Table 2 shows the association of APRI and FIB-4 at the last available visit with all-cause mortality in HCV/HIV-co-infected women receiving HAART, using Cox proportional hazard regression models. Of the 450 HCV/HIV-co-infected women in Table 1, relevant covariates and adequate follow-up in the WIHS study beyond the date of their initial fibrosis marker measurements were available in 422, of whom 186 were known to have died. Analysis of all-cause mortality was performed in these 422 women. Data are expressed as hazard ratios and their associated 95% confidence intervals (95% CI). We first developed a ‘null’ model that included HIV-related covariates known to be related to all-cause mortality, including pre-HAART nadir and current CD4 cell counts, log10 pre-HAART peak and current HIV viral load and clinical AIDS pre-HAART. Among these, current CD4 cell counts less than 200 cells/µl and current HIV viral load were significantly associated with all-cause mortality. Addition of APRI or FIB-4 to the model demonstrated that these liver fibrosis markers were independent and significant predictors of all-cause mortality (Table 2).

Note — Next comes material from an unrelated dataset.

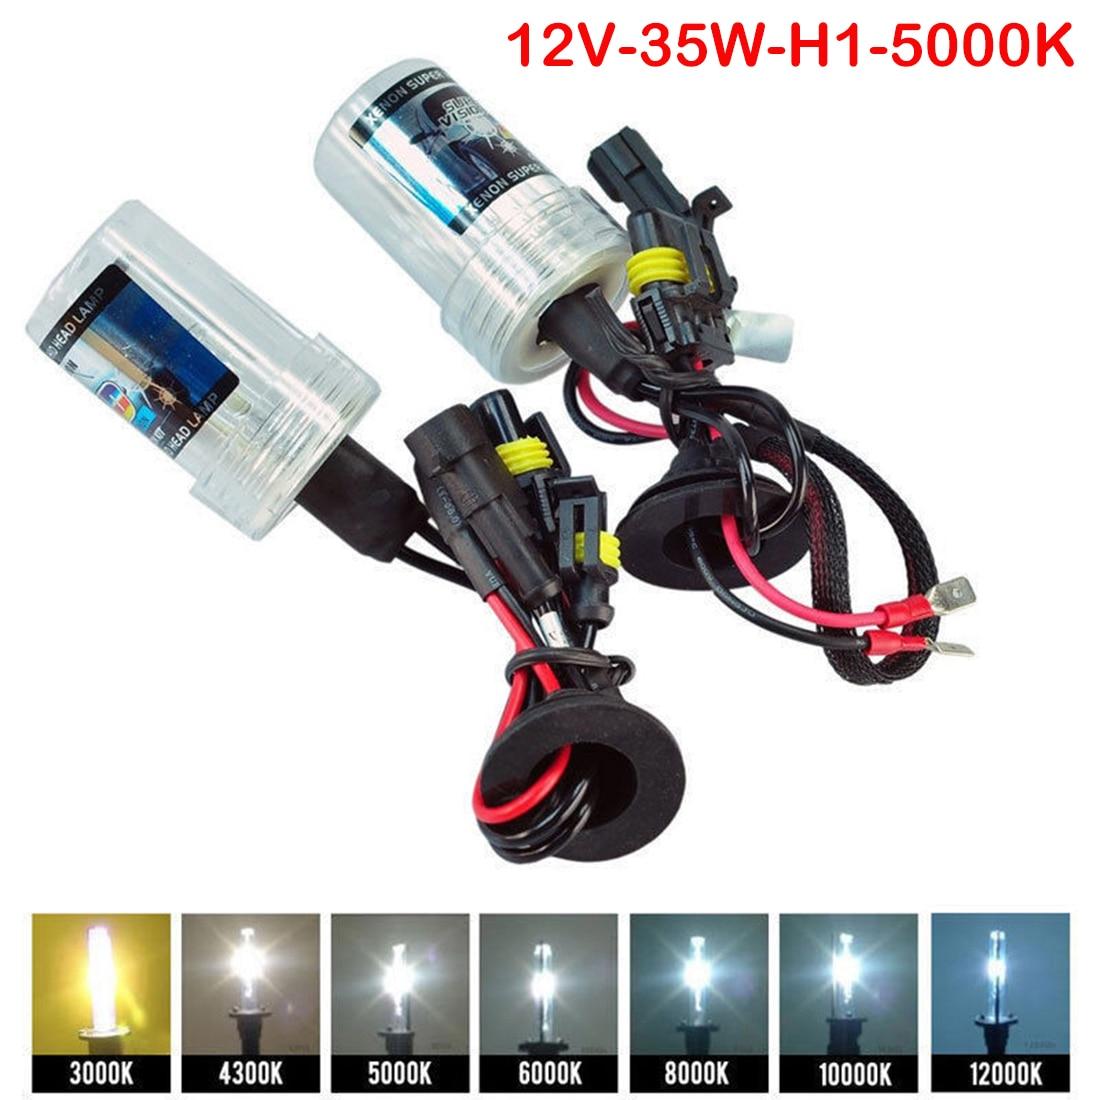 H1 H3 H7 H11 9005 9006 880 35W 55W HID Xenon Bulb Auto Car Headlight Lamp 3000k 4300k 5000k 6000k 8000k 10000k 12000k

When modeled as a categorical variable, APRI marker levels more than 1.5 (severe fibrosis) were significantly associated with an increased risk of all-cause mortality (hazard ratio 2.78, 95%CI 1.87–4.12), compared with women with low APRI (<0.5, mild fibrosis) levels. Furthermore, women categorized with FIB-4 marker levels more than 3.25 (severe fibrosis) had significantly increased risk of all-cause mortality, compared with women with low FIB-4 (<1.5) levels (hazard ratio 2.58, 95% CI, 1.68–3.95). For the categorical expressions of APRI and FIB-4, only the highest of the three fibrosis levels (severe fibrosis) was significantly associated with increased all-cause mortality (Table 2).

Table 2.

Relative hazard ratios for all-cause mortality with 95% confidence interval conditional on survival to age 35 years among HIV/hepatitis C virus-co-infected Women’s Interagency HIV Study participants receiving HAART (n = 422 with 186 deaths).

Null model Adding APRI to
the model
Adding FIB-4 to
the model
(a) Categorical variablea
   Pre-HAART nadir CD4 cell counts (cells/µl)
     <100 0.80 (0.46–1.40) 0.90 (0.52–1.57) 0.88 (0.50–1.54)
     100–200 1.11 (0.67–1.85) 1.13 (0.68–1.88) 1.11 (0.67–1.85)
     200–350 0.89 (0.55–1.45) 0.93 (0.57–1.53) 0.94 (0.57,1.53)
     >350 1.00 (ref) 1.00 (ref) 1.00 (ref)
   Pre-HAART peak HIV viral load, per log10 increase) 1.15 (0.92–1.44) 1.19 (0.94–1.49) 1.14 (0.91,1.43)
   Clinical AIDS prior to HAART 1.22 (0.89–1.69) 1.19 (0.86–1.64) 1.24 (0.90,1.71)
   ART use prior to HAART 1.14 (0.79–1.66) 1.10 (0.76–1.60) 1.09 (0.75–1.58)
   Current CD4 cell count (cells/µl)
     <100 5.35 (3.30–8.66) 4.25 (2.60–6.96) 4.02 (2.44–6.63)
     100–200 1.79 (1.09–2.93) 1.46 (0.89–2.40) 1.39 (0.84–2.30)
     200–350 1.44 (0.92–2.26) 1.38 (0.88–2.16) 1.29 (0.82–2.03)
     >350 1.00 (reference) 1.00 (reference) 1.00 (reference)
   Current HIV viral load, per log10 increase 1.22 (1.06–1.39) 1.22 (1.07–1.39) 1.20 (1.05–1.37)
   Average alcohol use over previous 3 years (drinks/week)
     ≥14 0.96 (0.49–1.85) 0.76 (0.39–1.50) 0.84 (0.43–1.64)
     3–13 0.83 (0.54–1.27) 0.85 (0.56–1.30) 0.85 (0.56–1.29)
     1–2 0.70 (0.49–0.99) 0.68 (0.48–0.97) 0.71 (0.50–1.00)
     0 1.00 (reference) 1.00 (reference) 1.00 (reference)
   Diabetes mellitus 0.97 (0.62–1.53) 0.86 (0.55–1.36) 0.90 (0.57–1.43)
   Current IVDU 1.37 (0.84–2.24) 1.34 (0.81–2.20) 1.28 (0.78–2.10)
   Current (last available) APRI
     Mild, <0.5 1.00 (reference)
     Moderate, 0.5–1.5 1.01 (0.69–1.47)
     Severe, >1.5 2.78 (1.87–4.12)
   Current (last available) FIB-4
     Mild, <1.5 1.00 (reference)
     Moderate, 1.5–3.25 1.09 (0.71–1.67)
     Severe, >3.25 2.58 (1.68–3.95)
−2 LLa 1576.86 1542.17 1546.57
(b) Continuous variable      HR

   Current (last available) APRI, per 0.25 increase from the index visit median of 0.59      1.19 (1.12–1.26)
   Current (last available) FIB-4, per 0.5 increase from the index visit median of 1.66      1.22 (1.16–1.29)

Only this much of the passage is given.